**Exercise data**
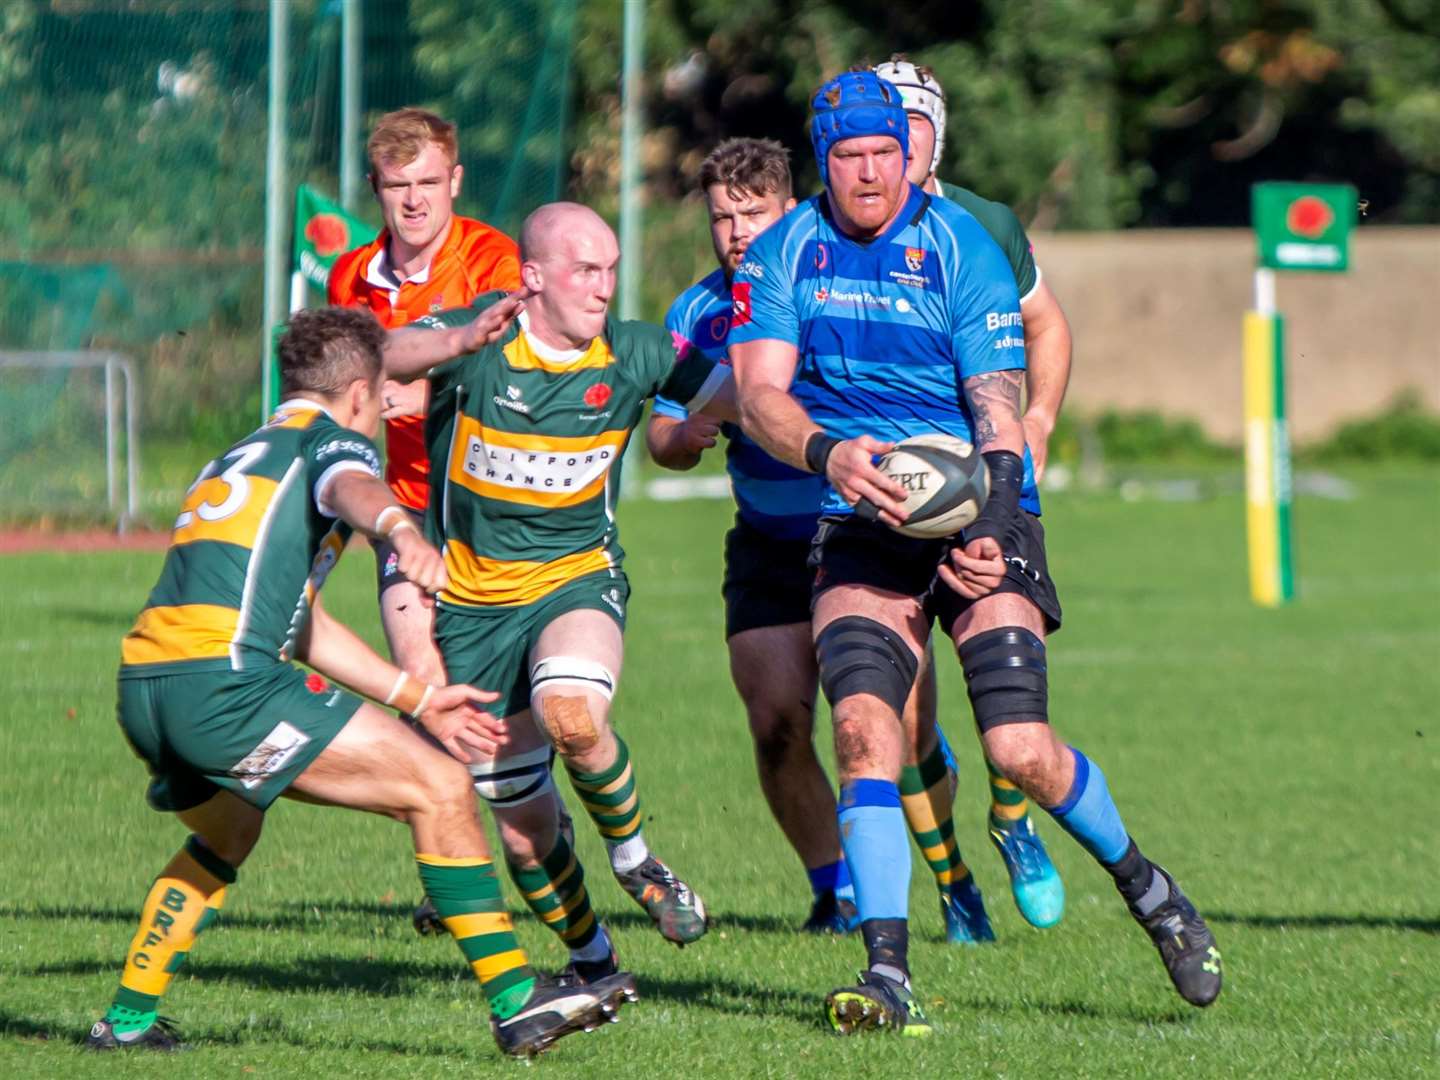 Dave Irvine – the Canterbury player tore his bicep in last month’s derby win at Tonbridge Juddians. Picture: Phillipa Hilton
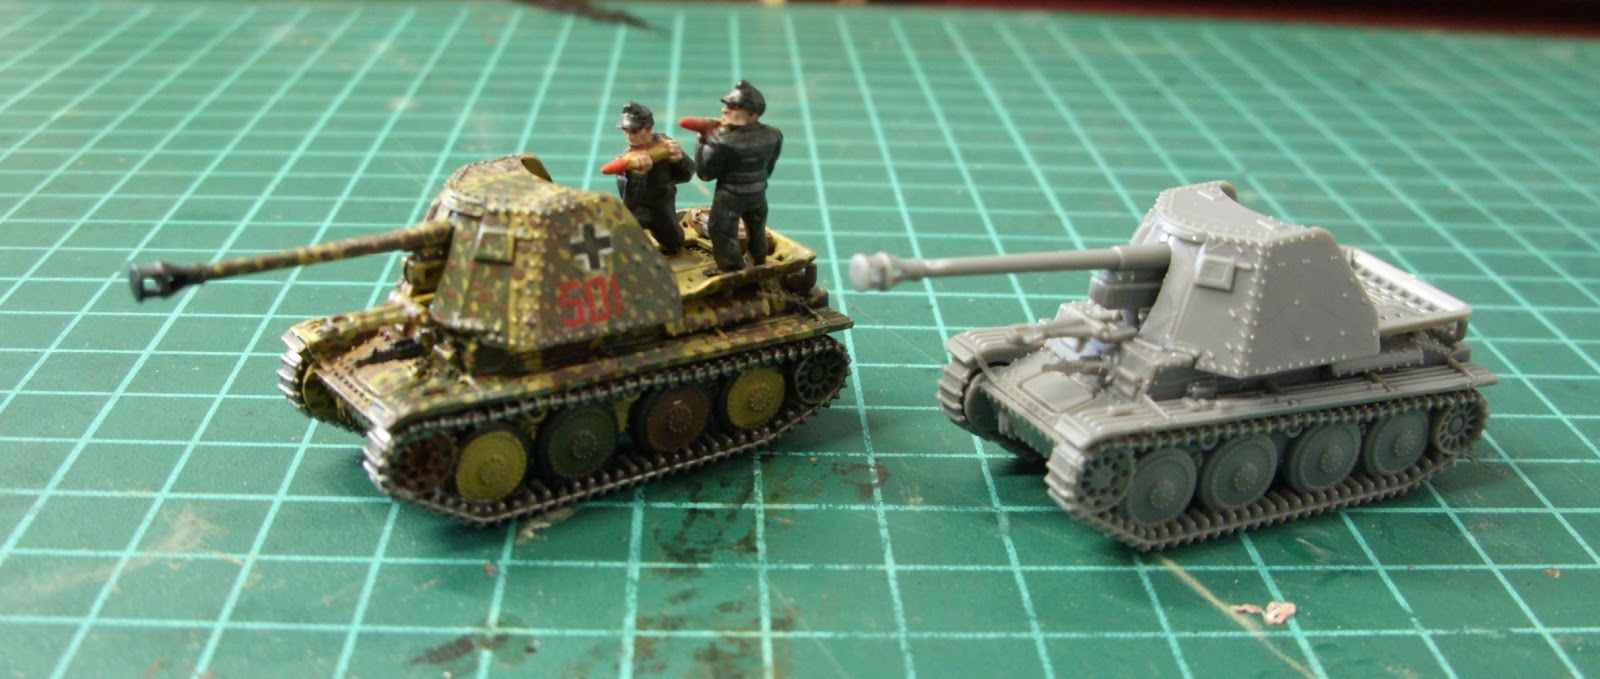 t PLASTIC SOLDIER 15mm WWII German Panzer 38 Tank/Marder Variants 5 & PSO1535
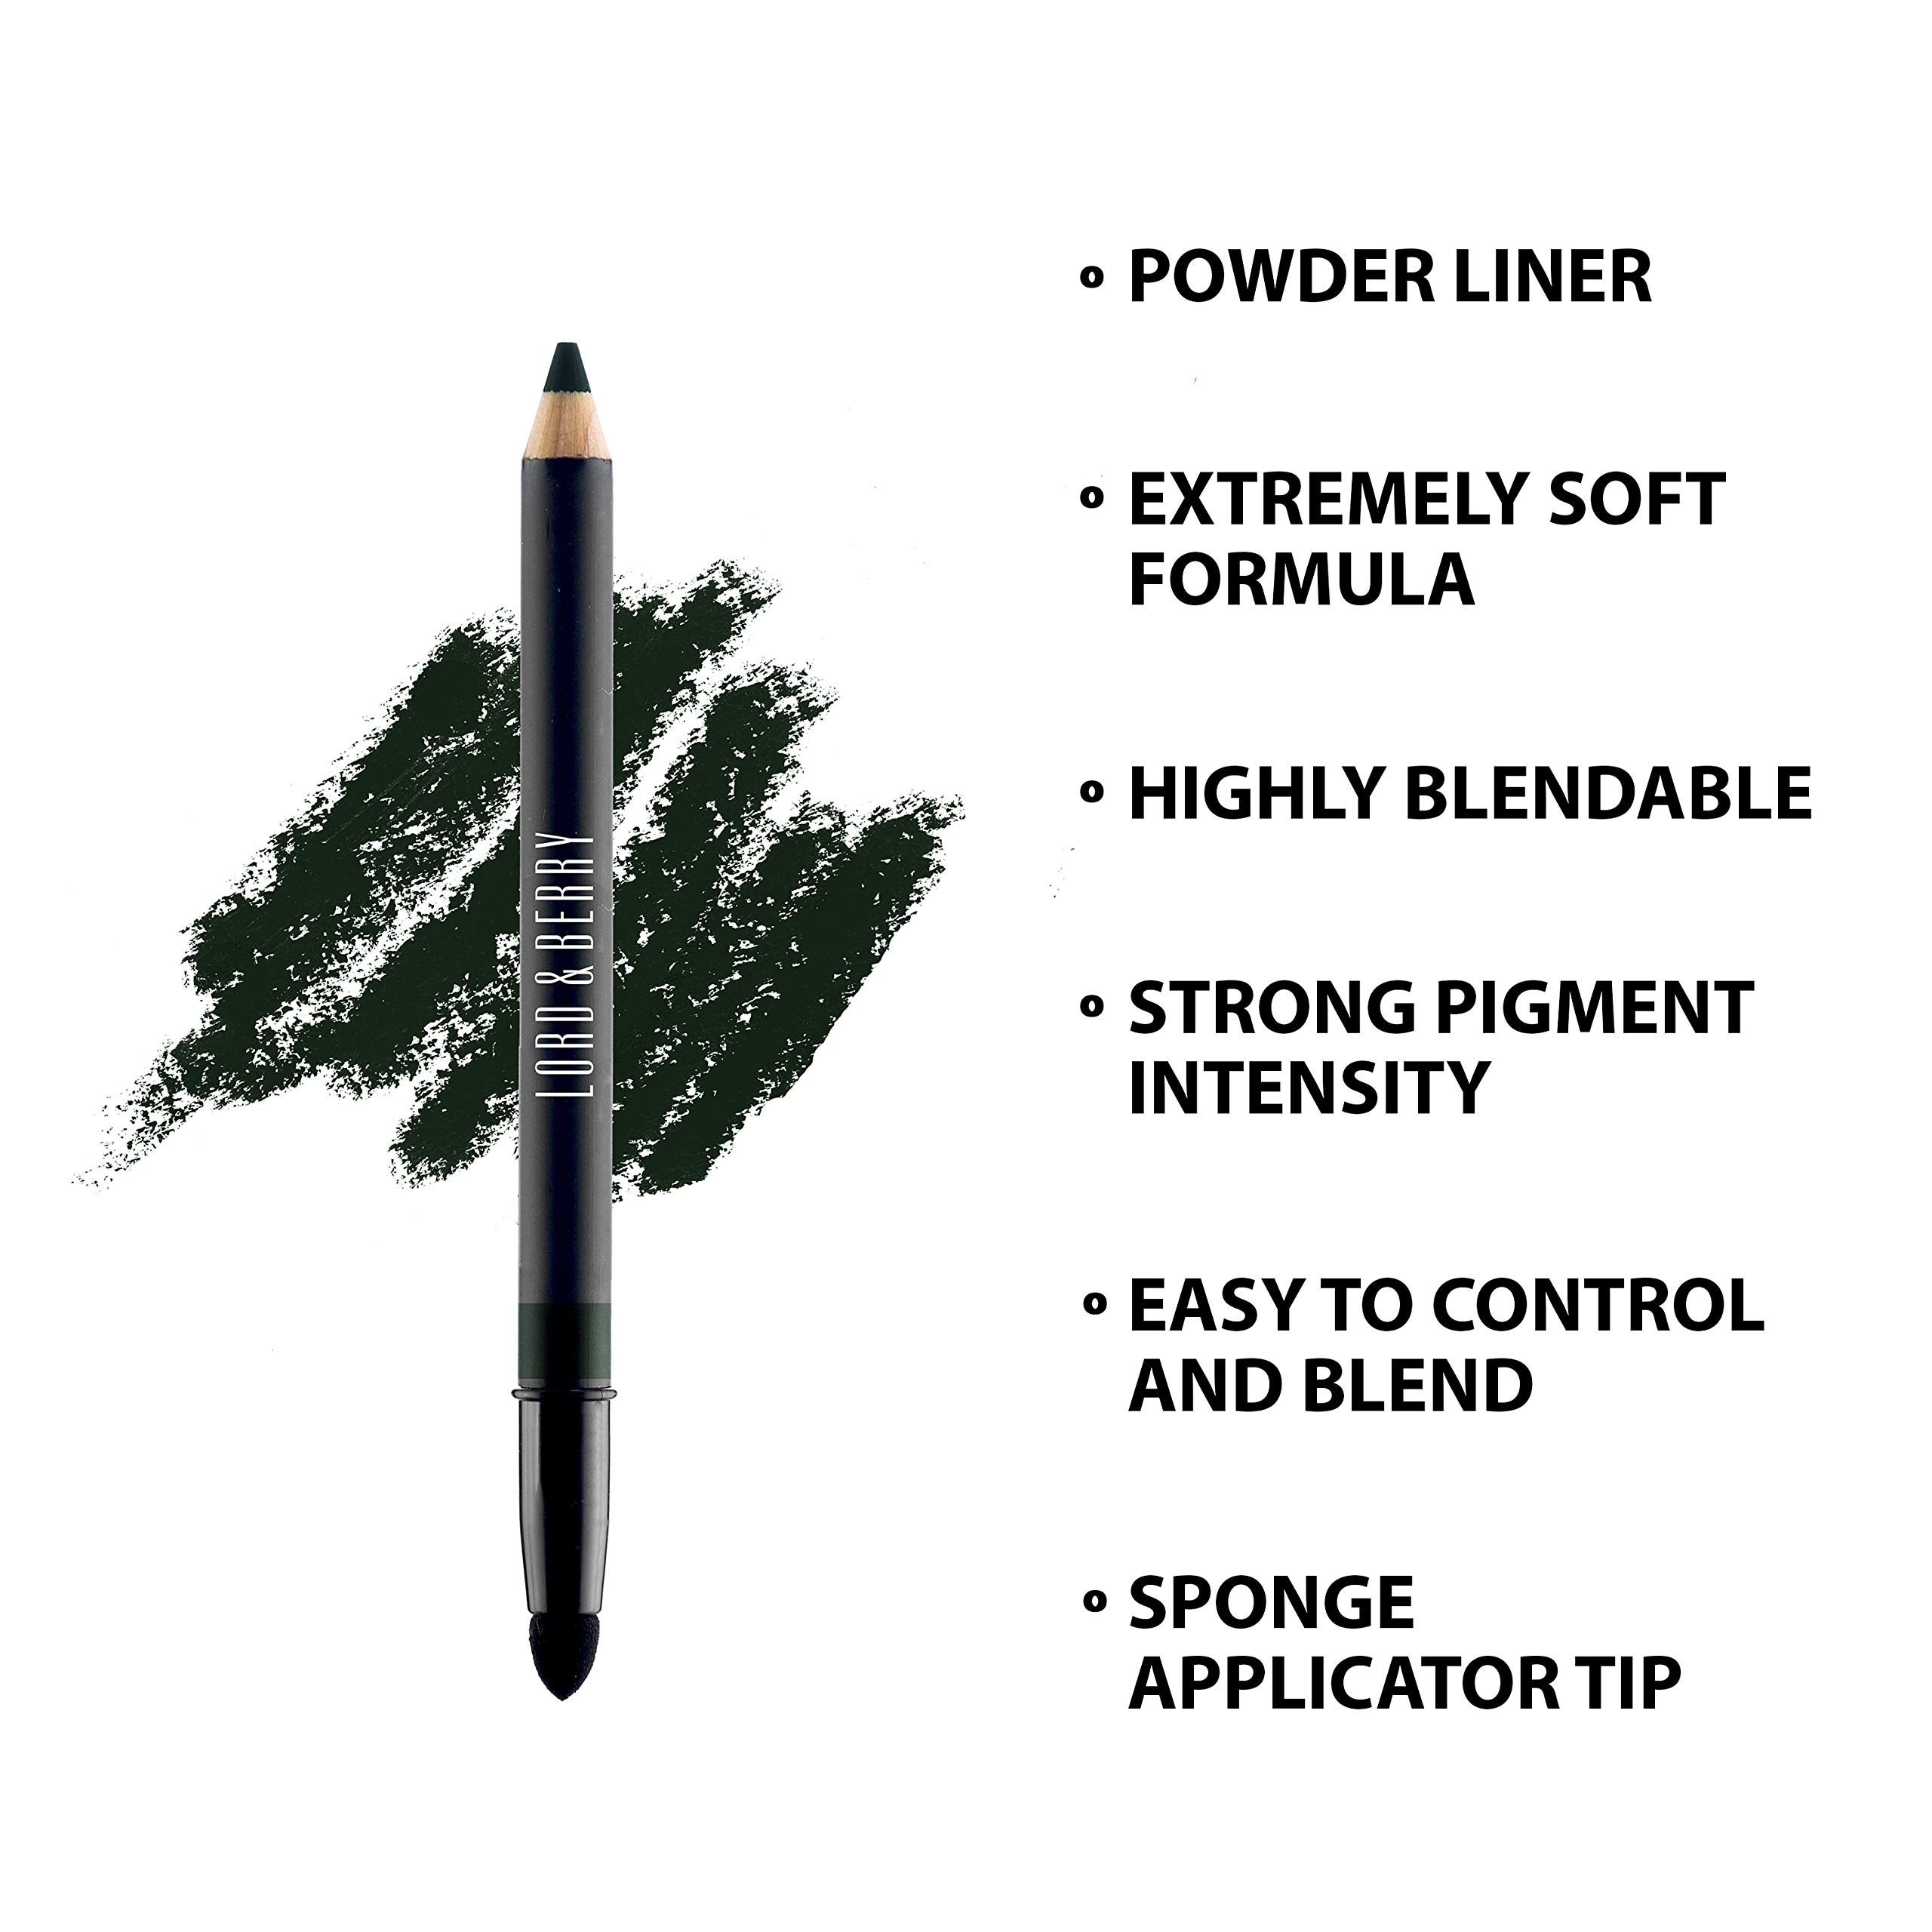 Lord & Berry VELLUTO - Powdery Smooth Shadow Eyeliner Pencil, Soft Smooth & Long Lasting Weightless Formula With Blending Tip Eye Liner - Easy To Use Eye Makeup

**Exercise aim**
The material above should be returned exactly, without pictures.

**Solution below**
 Dave Irvine – the Canterbury player tore his bicep in last month’s derby win at Tonbridge Juddians. Picture: Phillipa Hilton
 t PLASTIC SOLDIER 15mm WWII German Panzer 38 Tank/Marder Variants 5 & PSO1535
 Lord & Berry VELLUTO - Powdery Smooth Shadow Eyeliner Pencil, Soft Smooth & Long Lasting Weightless Formula With Blending Tip Eye Liner - Easy To Use Eye Makeup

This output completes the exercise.